Cumulative Sum using R


Introduction

In almost all business problems, the focus is always to look at key takeaways in any analyses.Most Academic disciplines teach a concept known as Pareto Principle which states that 80% of the effect comes from 20% of the causes(also read as cases). If we look at an analyses standpoint, it is always advisable to look at the LOW HANGIN FRUITS first. According to me, these low hanging fruits are established keeping Pareto Principle in mind.

The purpose of writing this blog is to introduce the concept of Cumulative sum in R that helps you deal with practical scenarios while working with datasets. Some of problems we face while handling data set are listed below:

  • Create cumulative sum of Sales/Gross Margin/Net Cash flow/Cases around key Attributes such as COuntry, Product Category etc
  • Identify groups/Combination that contribute to 80% of the Impact(Sales, Gross Margin etc)
  • Identify Products that can help Sales Rep achieve Sales Target
  • Quota Allocation exerise where quota is given based on relative contribution of each Product or Region

In this blog, we will look at how to proceed for each of the cases mentioned above

Installing the library: dplyr and tidyr

if(!require("dplyr")){
  
  install.packages("dplyr")
}else{
  
  library(dplyr)
}

if(!require("tidyr")){
  
  install.packages("tidyr")
}else{
  
  library(tidyr)
}


Importing the dataset

For this exercise we will look at the Cybersecurity breaches reported to the US Department of Health and Human Services.There are 1151 records in the data set with 9 variables. Our aim is to calculate the Percentage of Cases reported at each Sate at an Entity Level.Here we will look at the concept of cumulative sum in R

# Ecdat library for importing the dataset

if(!require("Ecfun")){
  
  install.packages("Ecfun",dependencies = T)
}else{
  
  library(Ecfun)
}


if(!require("Ecdat")){
  
  install.packages("Ecdat",dependencies = T)
}else{
  
  library(Ecdat)
}

data(HHSCyberSecurityBreaches)
df<-HHSCyberSecurityBreaches
head(df[,1:3])%>%
knitr::kable()
Name.of.Covered.Entity State Covered.Entity.Type
Brooke Army Medical Center TX Healthcare Provider
Mid America Kidney Stone Association, LLC MO Healthcare Provider
Alaska Department of Health and Social Services AK Healthcare Provider
Health Services for Children with Special Needs, Inc. DC Health Plan
L. Douglas Carlson, M.D. CA Healthcare Provider
David I. Cohen, MD CA Healthcare Provider

The names of the columns are:

  • Name.of.Covered.Entity:A character vector identifying the organization involved in the breach.
  • State: State abbreviation
  • Covered.Entity.Type: A factor giving the organization type of the covered entity
  • Individuals.Affected: An integer giving the number of humans whose records were compromised in the breach.
  • Breach.Submission.Date
  • Type.of.Breach: A factor giving one of 29 different combinations of 7 different breach types,
  • Location.of.Breached.Information: A factor giving one of 47 different combinations of 8 different location categories: “Desktop Computer”, “Electronic Medical Record”, “Email”, “Laptop”, “Network Server”, “Other”, “Other Portable Electronic Device”, “Paper/Films”
  • Business.Associate.Present:Logical = (Covered.Entity.Type == “Business Associate”)
  • Web.Description: A character vector giving a narrative description of the incident.

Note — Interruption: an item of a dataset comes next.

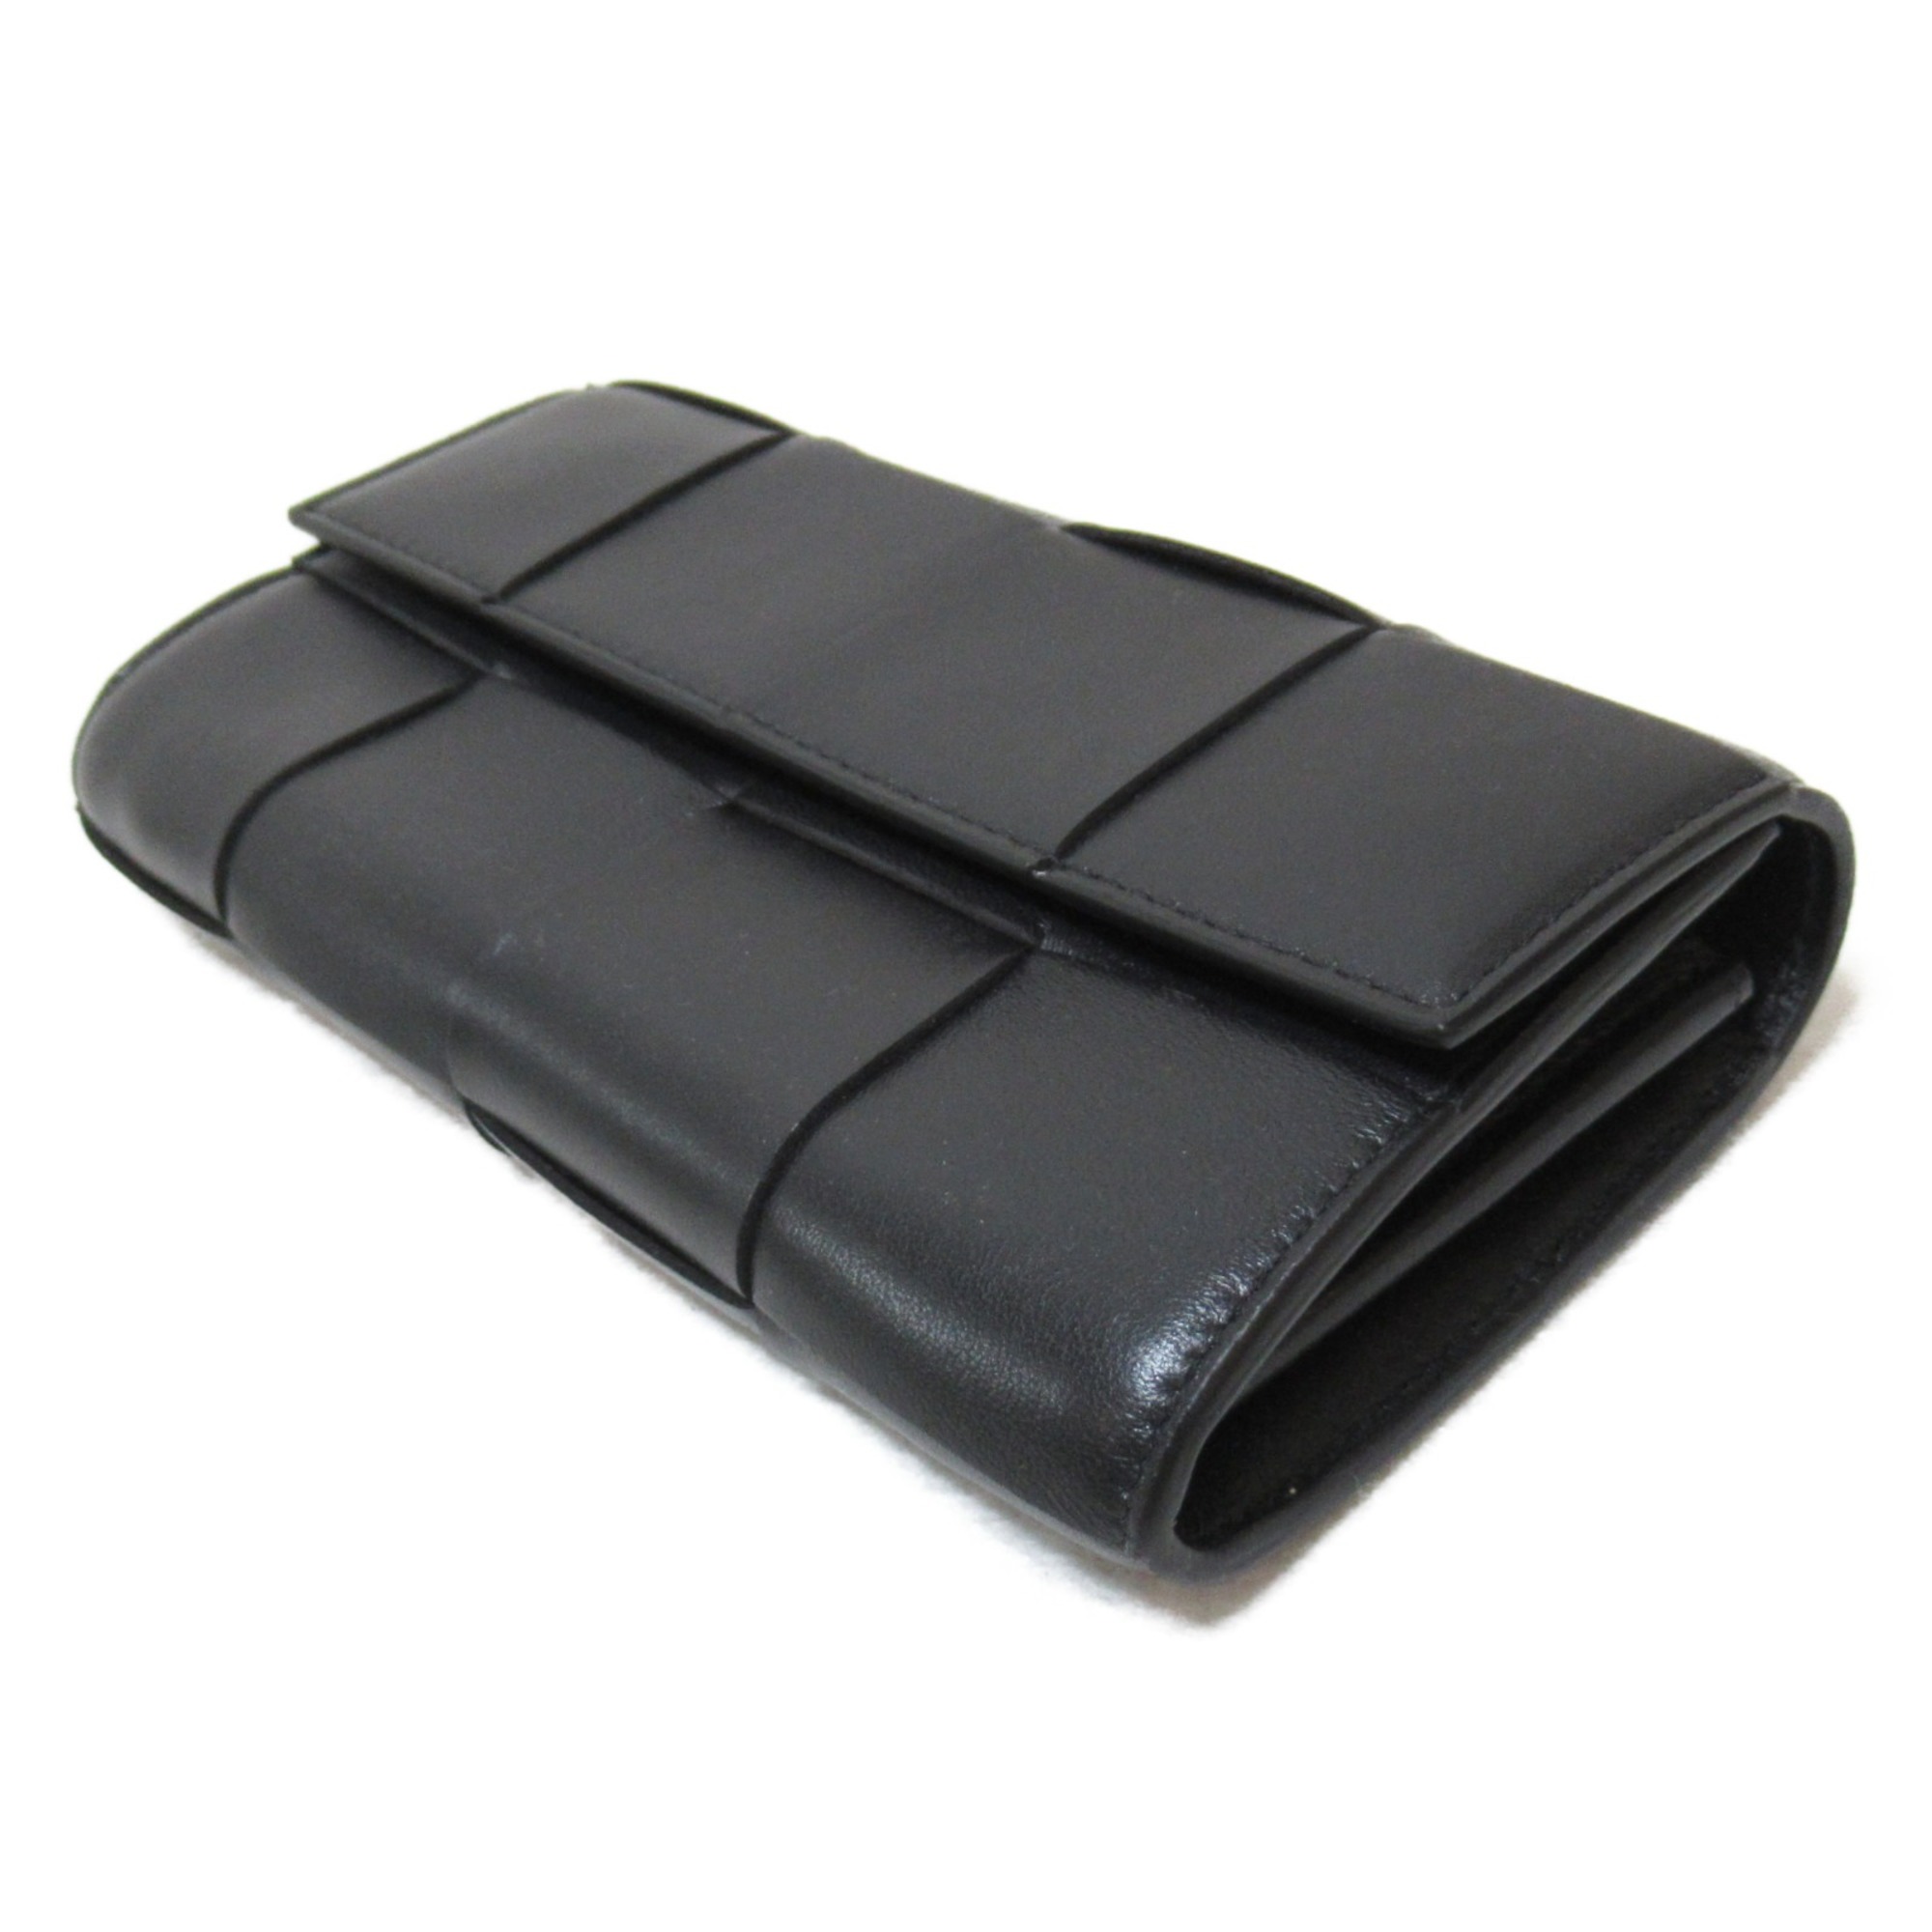 BOTTEGA VENETA Flap wallet Black leather 667433VCQC48425

Percentage Cases within Each State from Entity

df.interim<-df%>%
  group_by(Covered.Entity.Type,State)%>%
  summarise(Total_Cases=sum(Individuals.Affected))%>%
  arrange(Covered.Entity.Type,desc(Total_Cases))%>%
  ungroup()%>%
  group_by(Covered.Entity.Type)%>%
  mutate(Perc_Contribution=round(100*Total_Cases/sum(Total_Cases),1))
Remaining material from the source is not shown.